Le gouvernement allemand a accordé en 2021 un nombre record de licences individuelles pour l'exportation d'armements. Elles ont atteint une valeur de 9,35 milliards d'euros, selon le rapport sur les exportations allemandes d'armements.C'est un record dont se passerait bien la coalition au pouvoir en Allemagne. En 2021, le gouvernement allemand (celui d'Angela Merkel puis celui d'Olaf Scholz) a accordé un nombre record de licences individuelles pour l'exportation d'armements. Des licences qui ne veulent pas forcément dire commandes signées.

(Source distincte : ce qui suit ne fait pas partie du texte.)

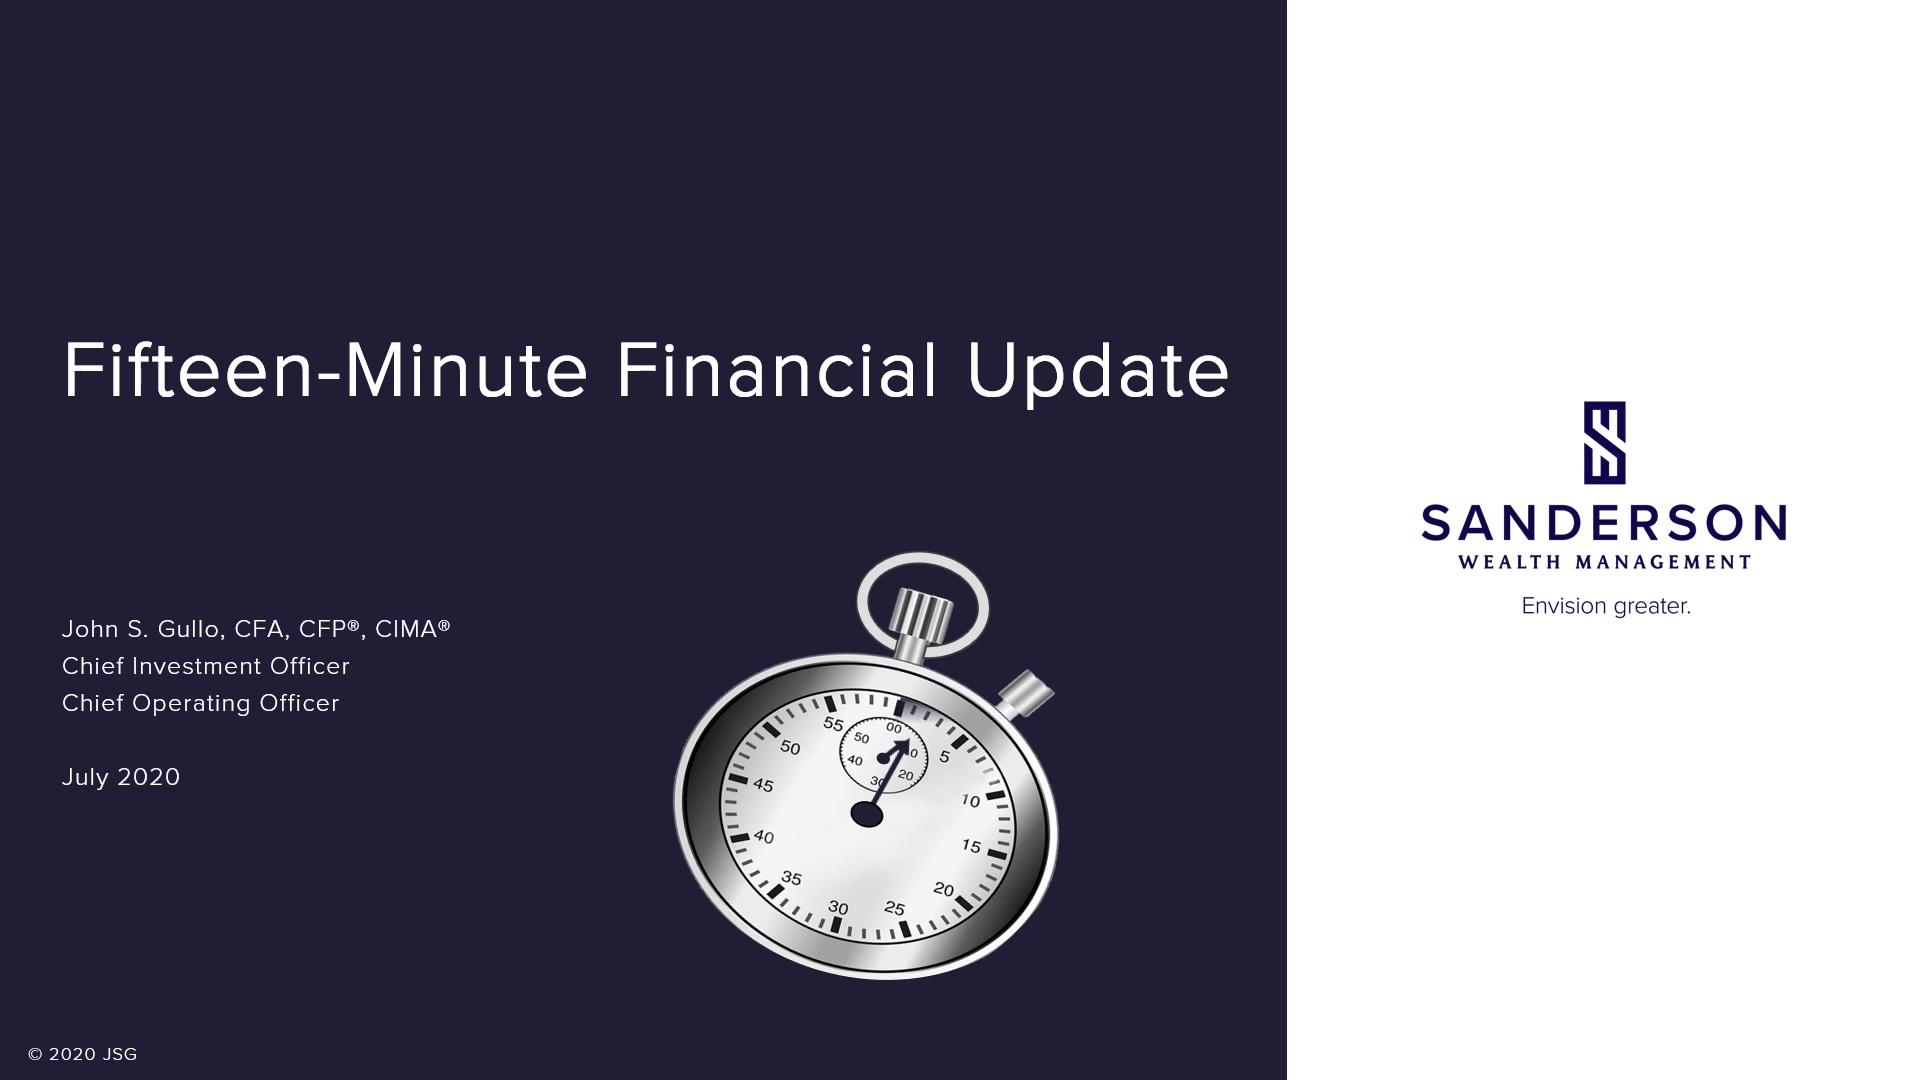 2020-06-30 - Fifteen Minute Financial Update

Elles ont néanmoins atteint une valeur d'environ 9,35 milliards d'euros l'année dernière, selon le rapport sur les exportations allemandes d'armements. « Ce montant approuvé est historiquement le plus élevé, nettement supérieur à celui de 2020 avec environ 5,8 milliards d'euros et à la moyenne des cinq dernières années (6,85 milliards d'euros) », est-il écrit dans ce rapport.
Basée sur les calculs du SIPRI (Institut de recherche sur la paix de Stockholm), la part de l'Allemagne dans les exportations mondiales d'armements au cours de la période 2017-2021 s'élève à 4,5 %. Les trois principaux pays destinataires des exportations allemandes sur cette période, selon le SIPRI, sont la Corée du Sud (24,7%), l'Égypte (14,4%) et les États-Unis (6%).
L'Égypte, le client le plus important de Berlin en 2021
Le client le plus important de l'industrie d'armement allemande est l'Égypte avec un volume de 4,34 milliards d'euros, dont 3,1 milliards pour du matériel de guerre (frégates Meko et missiles Iris-T). Un client qui semble être gênant pour la coalition, qui goûte peu de livrer des armes à certains pays dirigés par des hommes forts comme l'Égypte. Le gouvernement actuel, qui n'est pas à une contradiction près - Olaf Scholz est attendu samedi en Arabie Saoudite, à qui l'Allemagne a refusé des licences d'exportation d'une valeur de 186,2 millions -, se défausse d'ailleurs sur celui d'Angela Merkel. Il souligne dans le rapport que « le gouvernement fédéral précédent a délivré des licences pour de gros volumes au profit de l'Égypte d'une valeur d'environ 4 milliards d'euros pour le secteur maritime et la défense aérienne ».